December 17, 2008

What About the New Birth?

The moniker "born again" has become an almost universal term to identify people with a generally evangelical Christian faith and perspective. It has come to have an abstract and universal application for those who have had a conversion experience to Christianity. It's interesting that this term has come be used so widely because, as a metaphor for conversion, it doesn't figure prominently in the New Testament. Given the prominence of the term "born again" in the contemporary religious scene, it is worth exploring its biblical origin and meaning.

The term "born again" is grounded in a conversation between Jesus and the Jewish Pharisee Nicodemus recorded in John 3. Jesus tells Nicodemus that no one is able to see the kingdom of God unless he is born from above or born anew (3). Nicodemus is quite surprised at this news and asks how one is able to be born after growing old. He adds, perhaps rather sarcastically, whether one is able to enter again into his mother's womb in order to be born again. Jesus responds telling him that no one can enter the kingdom of God unless he is born of both water and spirit (5).

This conversation raises the question: Why did Jesus choose to use birth language to describe the work of the Spirit of God to convert and transform a person?

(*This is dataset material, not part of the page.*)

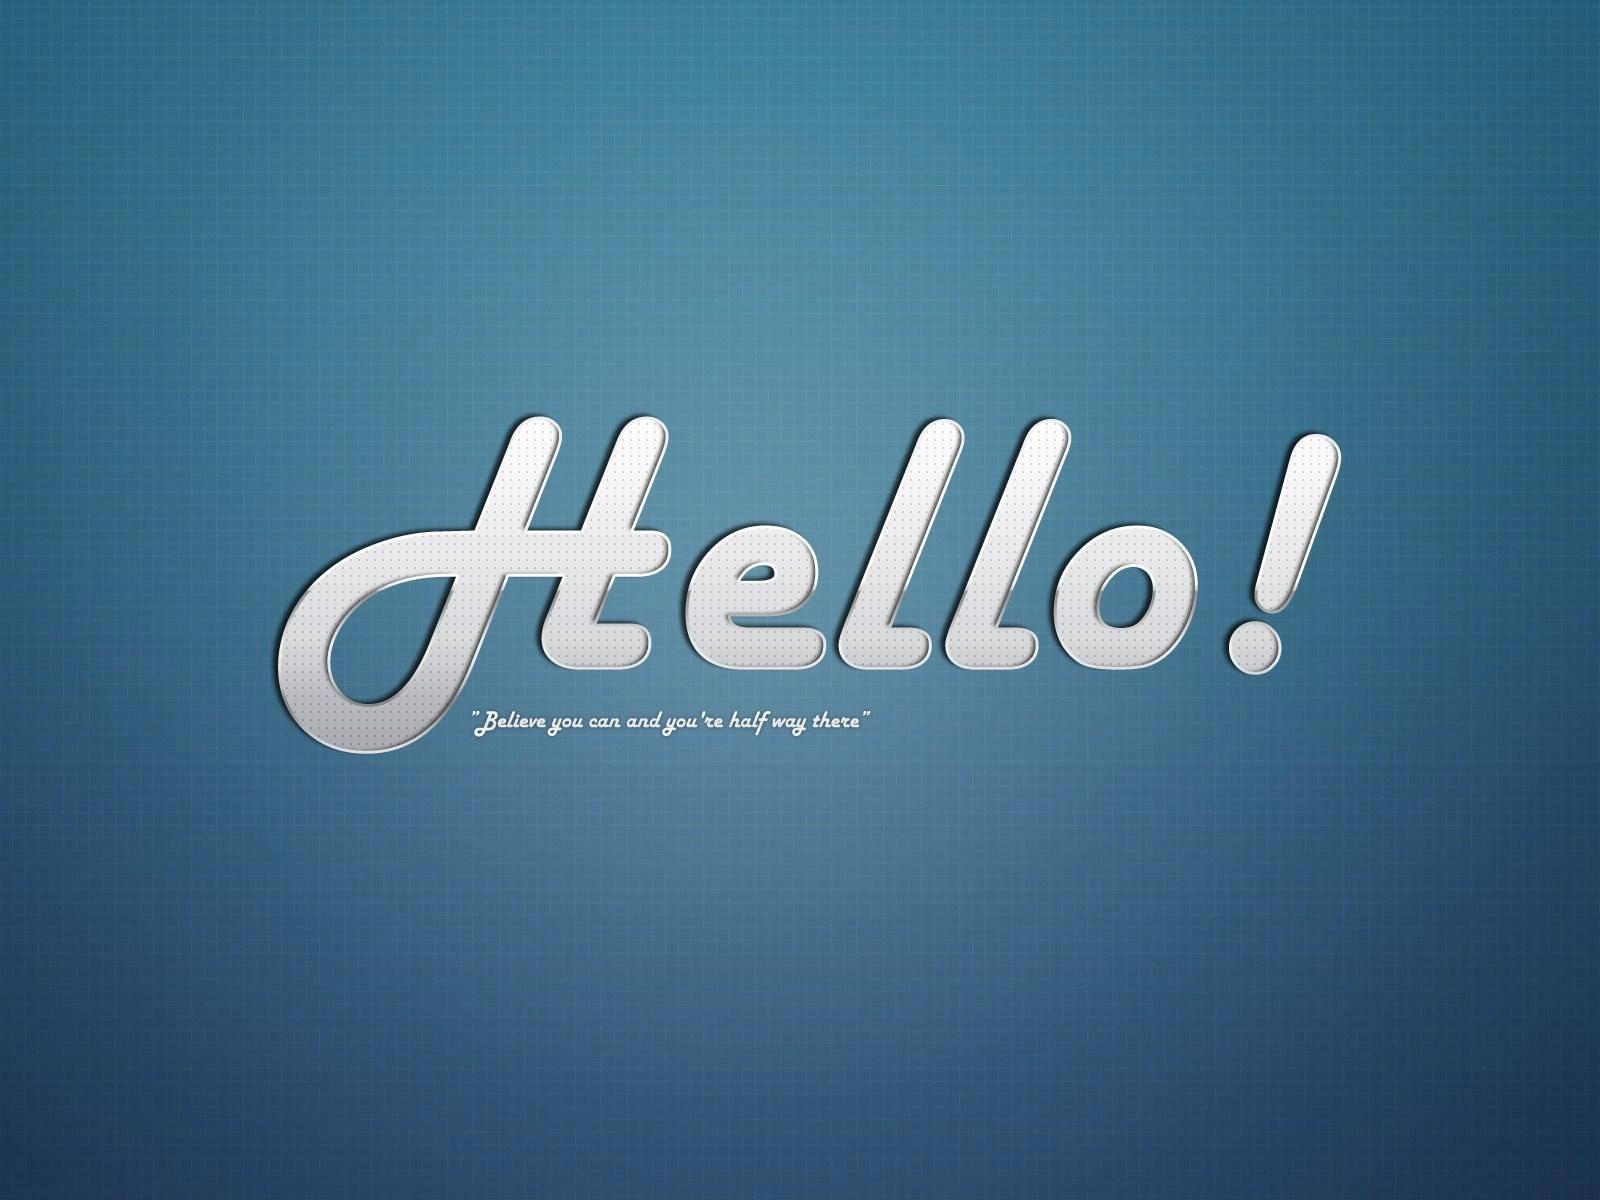 Inspirational Typography HD Wallpaper for Desktop, iPhone

Why didn't he just use the language of conversion or tell Nicodemus about the sinner's prayer? The answer to our question comes in an understanding of Nicodemus' cultural context. As a "teacher of Israel," Nicodemus would have believed that his birth as an Israelite, a descendent of Abraham, would guarantee him a place in the kingdom of God. The kingdom of God was understood to be the reality of God's reign most likely through a Messiah figure in which Israel would be exalted above those who had oppressed her and all the nations of the earth. Jesus chooses the language of birth precisely because it is his birth as an Israelite that Nicodemus is counting on in order to gain a place in the kingdom of God. Jesus is telling him that his natural birth as a Jew is not worth counting on. Rather, the Spirit of God must do a work in him that is properly described as undergoing a new birth leading to a new life and a new kind of existence. To enter the kingdom of God, one must both be born of water (or of a woman) and be born of the Spirit.

So, the term "new birth" is a fitting label for those who have been converted to Christ and entered into the new life of the Spirit. It was not, however, such a universal and abstract idea in its origin. Rather, the language was chosen for the specific context in which it was used. It does remind us that, like Nicodemus, there is nothing in us that fits us for a place in the kingdom of our Lord. Instead, the Spirit of God must do a work of transformation to bring us into new life.